Motherhood Penalty in the Pulpit

Recently on 60 Minutes, Leslie Stahl reported on Salesforce CEO Marc Benioff’s commitment to closing the wage gap between men and women in his company. I was impressed with Benioff’s decision to raise wages for women employees and create a fair work environment. If only all businesses and organizations were this committed, including religious institutions.

I hear comparable stories from women in ministry. Although things are slowly changing for women in denominations that ordain them, there is still a bias against women being pastors. There is also a separate set of expectations and pay level for women.

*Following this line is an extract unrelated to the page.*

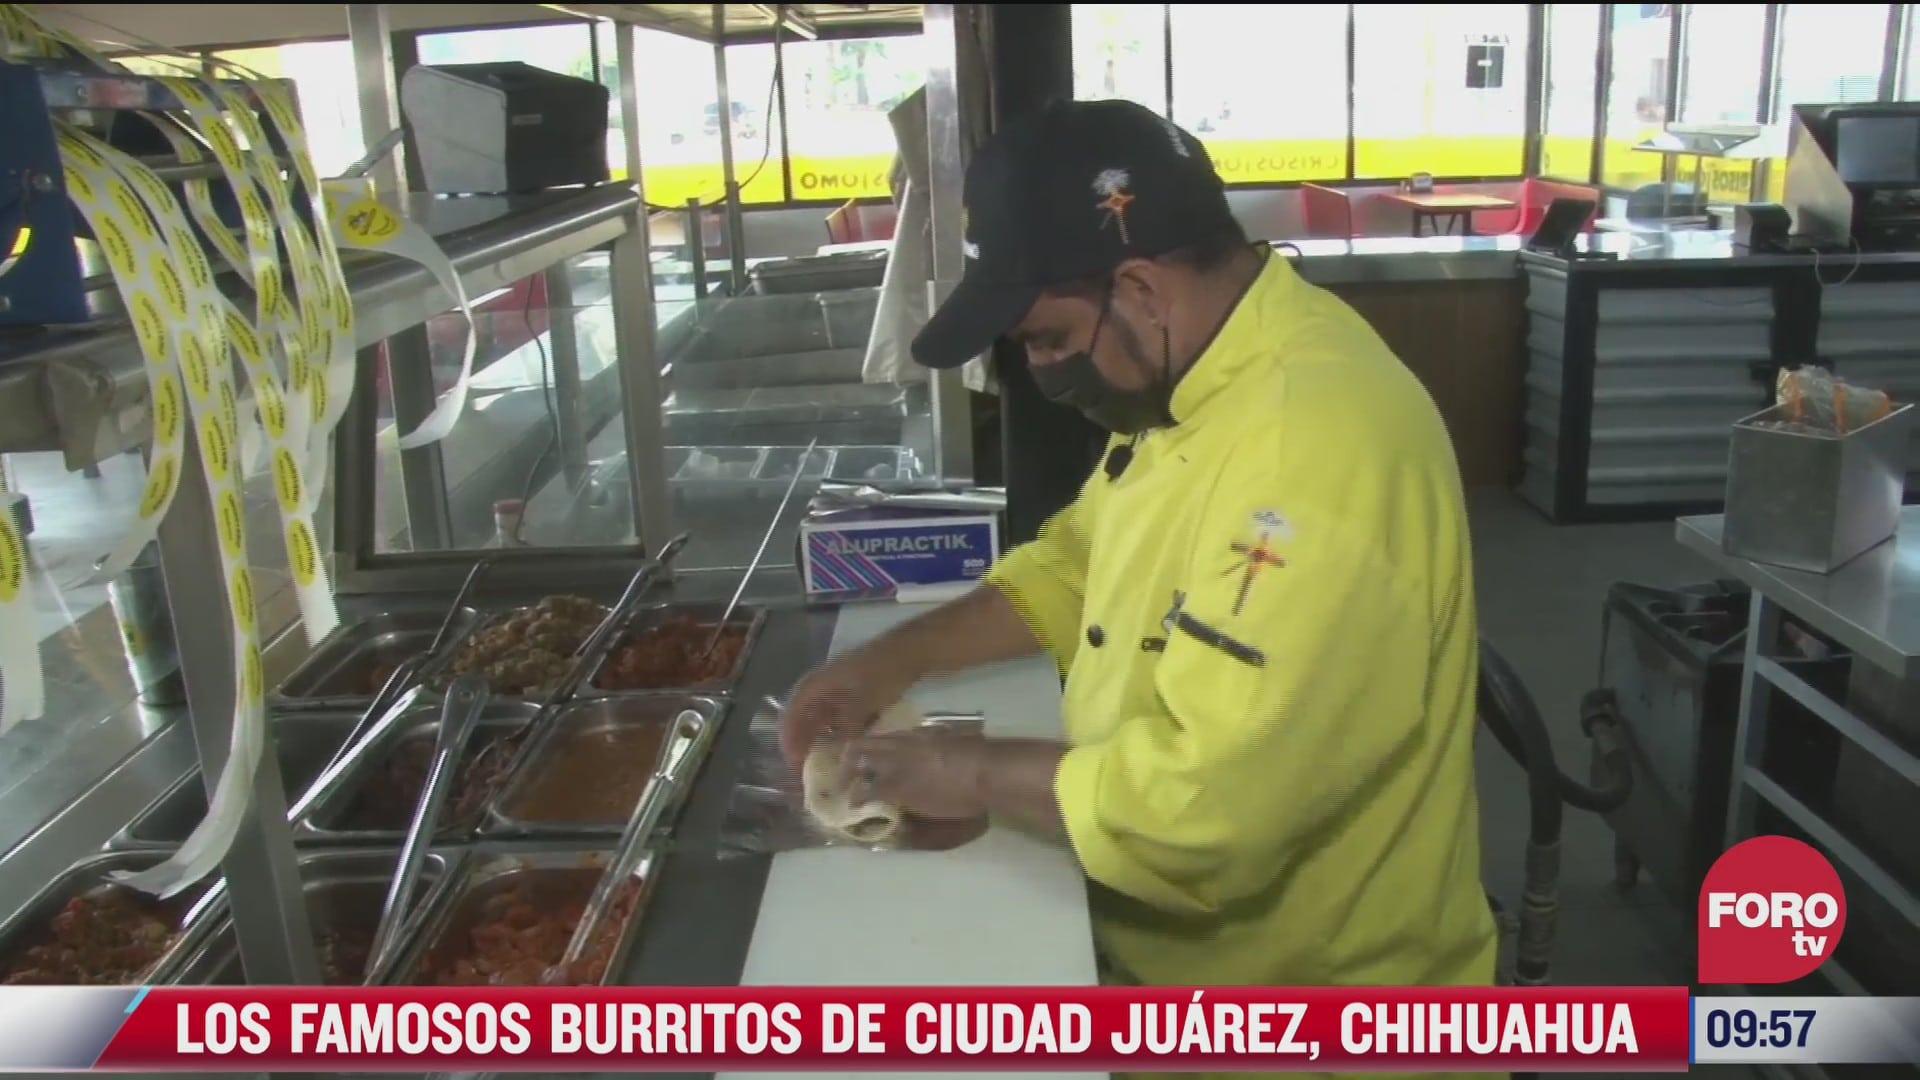 los famosos burritos de ciudad juarez chihuahua

In an article in Christianity Today, Kate Shellnutt wrote, “In 2016, married women and moms with kids at home earned 72 cents for every dollar made by men in the clergy. Their pay gap—28 percent less than men—was twice as big as single women’s, which was 12 percent less, or 88 cents on the dollar.”

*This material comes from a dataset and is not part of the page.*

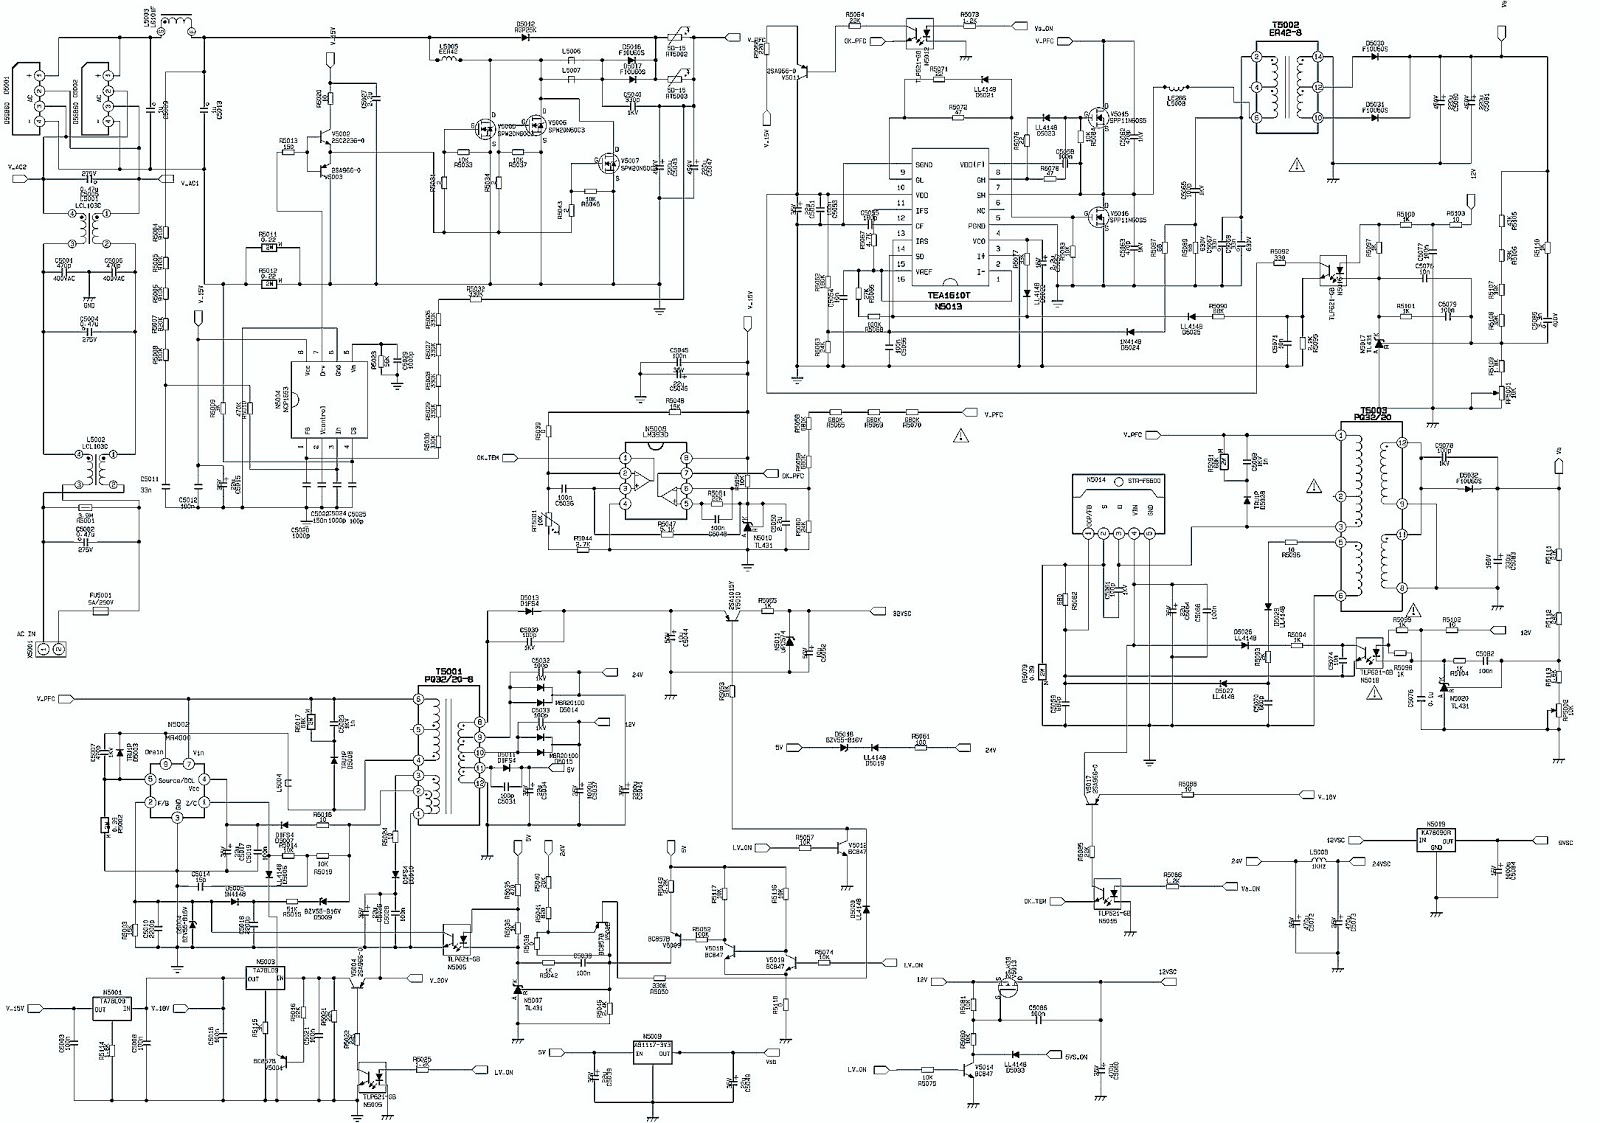 Schematic Diagrams: Samsung PPM42H3 and Xoceco 6HA0182010

Stahl also spoke with Ellen Kullman, former CEO of DuPont about gender issues in the workplace. Kullman brought up the phenomenon called the motherhood penalty (she called it “mommy penalty”)—the unconscious bias against pregnant workers and working mothers. She told a story that reminded me of an experience I had when interviewing for a pastoral position.

At the time my first husband and I had two young children, ages seven and two. We were candidates for a co-pastorate. The search committee interviewed us together and then separately. During my interview one of the committee members asked what I would do if my two-year old wandered up to the pulpit while I was preaching. The first thought that came to my mind was, “Did you ask my husband the same question?” I kept my thought to myself and answered the question. I was also asked about who would take care of the children during worship and what I would do if they misbehaved.

My husband was the ideal candidate for most churches—thirty-something male, married with young children. I, on the other hand, was a questionable risk. The underlying assumption was that I would be distracted by my parental responsibilities, but my husband would not. What does that say about him as a father? What does it say about the Church? More important, what does it say about the Church’s theology?

Christians say that they place great value on family. If so, then why do they value mothers less than other women and even more so less than men? Unfortunately, the Bible and our traditions offer little help to change this mindset. Therefore, we need alternative theologies, including feminist theology; we need to hear the voices of those who have been marginalized by our sacred texts and traditions. We need to read and study the Bible through different worldviews. We need to lift up the contributions women have made to our faith, and value today’s female leaders for their unique perspective and gifts for ministry.

Mothers bring great value to pastoral ministry, a value that no one else can. We understand all too well what Jesus meant when he said he wanted to gather his children together like a mother hen gathers her chicks (Luke 13:34). We are nurturers and care-givers, organizers and leaders.

We have seen improvements for women in ministry. The wage gap is smaller, and women now hold more church offices than ever before. In recent years, women have been called to senior positions at large churches. However, we have further to go before we can pat ourselves on the back for being equitable and nonbiased. It takes men and women speaking up when they witness inequity. It takes intentionality in setting policies and salary standards. It takes more women in leadership, and a change of congregational culture.

To judicatory leaders: What policies and procedures need to be created to ensure equitable treatment for all pastors? What can judicatories do to create a shift in congregational culture so that pastoral candidates are considered for pastoral skills and gifts instead of gender and parental status.

To pastor search teams: What are the unconscious assumptions that you bring to the search for your next pastor?

To women clergy: What do you need to value yourself as worthy of the same respect and compensation as men? How can you be empowered to speak up against conscious and unconscious discrimination?

To those who recognize the gifts of all women and value them as equals: Thank you.